INPUT DATA:
----

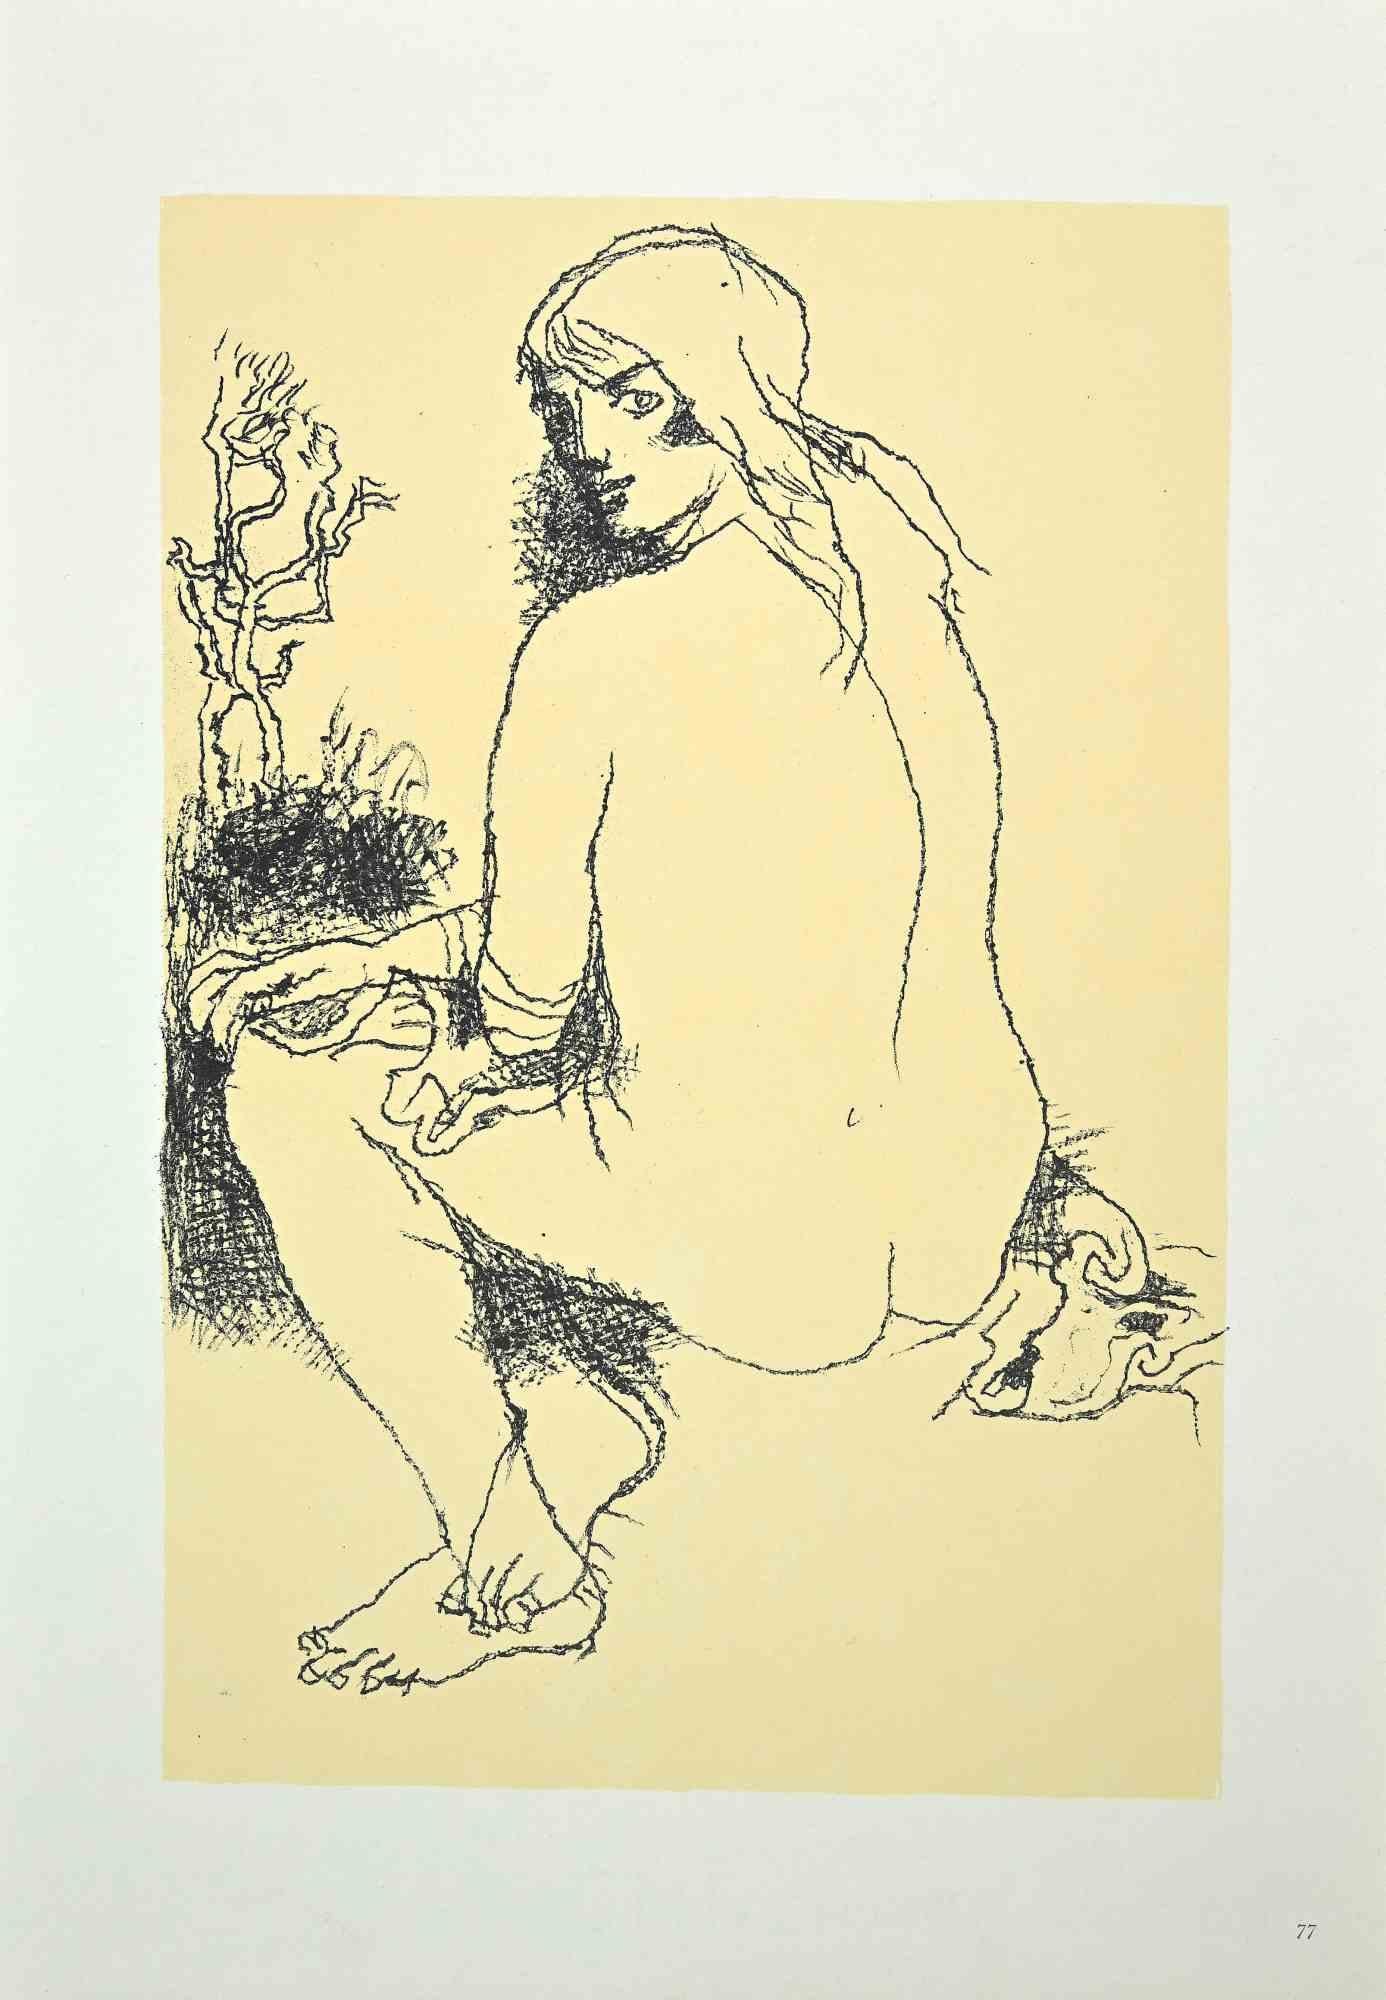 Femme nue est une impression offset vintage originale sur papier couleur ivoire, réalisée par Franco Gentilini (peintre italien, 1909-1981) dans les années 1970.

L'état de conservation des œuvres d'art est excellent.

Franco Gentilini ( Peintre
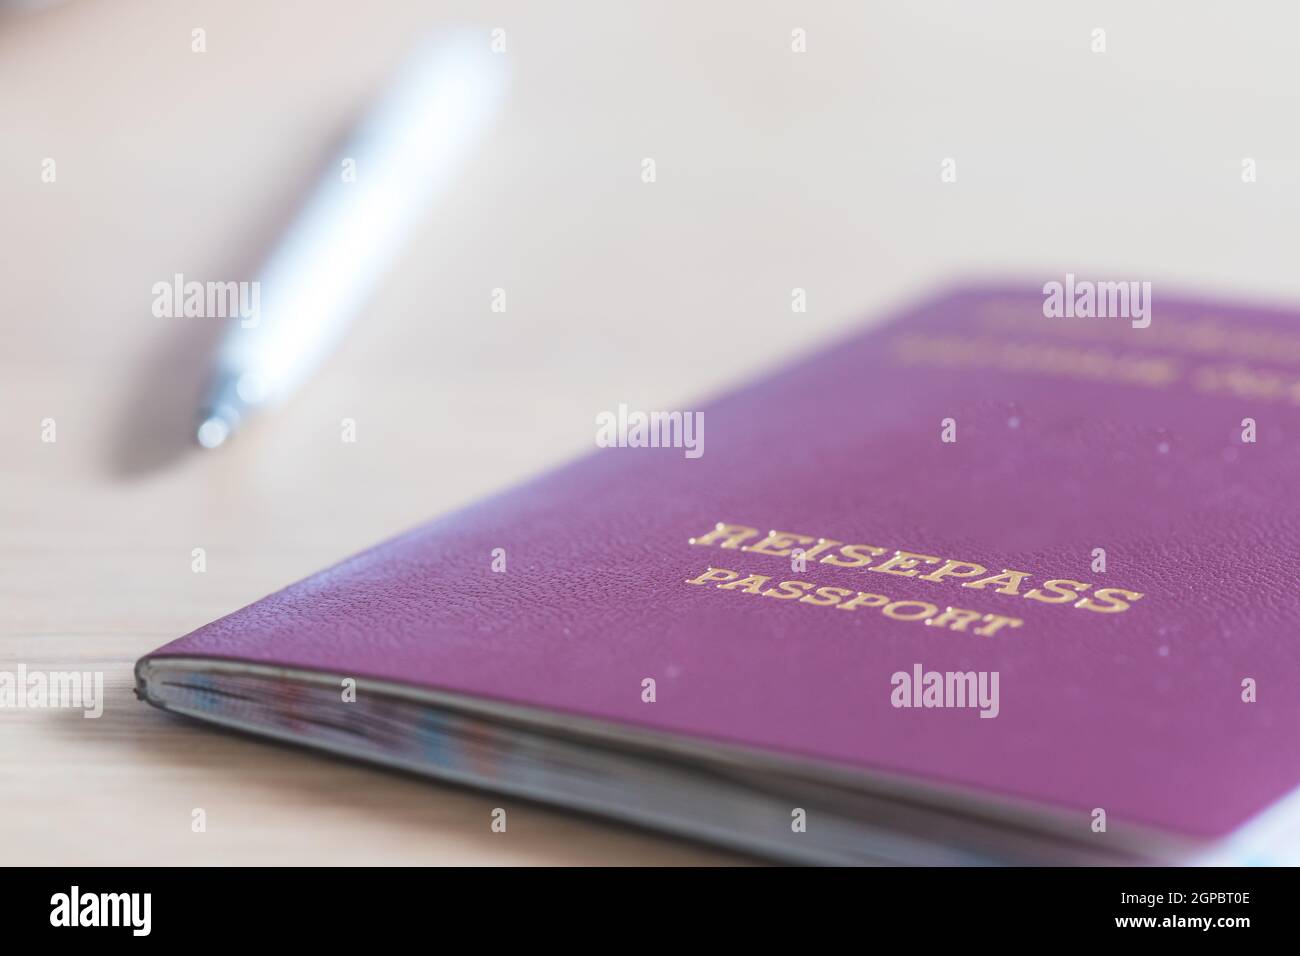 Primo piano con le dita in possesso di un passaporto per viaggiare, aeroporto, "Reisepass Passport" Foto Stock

----

TASK BRIEF:
All lines from the line with "L'état de conservation" through the final line of the data, both included, are to be repeated exactly; no other lines and no pictures.

EXERCISE SOLUTION:
L'état de conservation des œuvres d'art est excellent.

Franco Gentilini ( Peintre
 Primo piano con le dita in possesso di un passaporto per viaggiare, aeroporto, "Reisepass Passport" Foto Stock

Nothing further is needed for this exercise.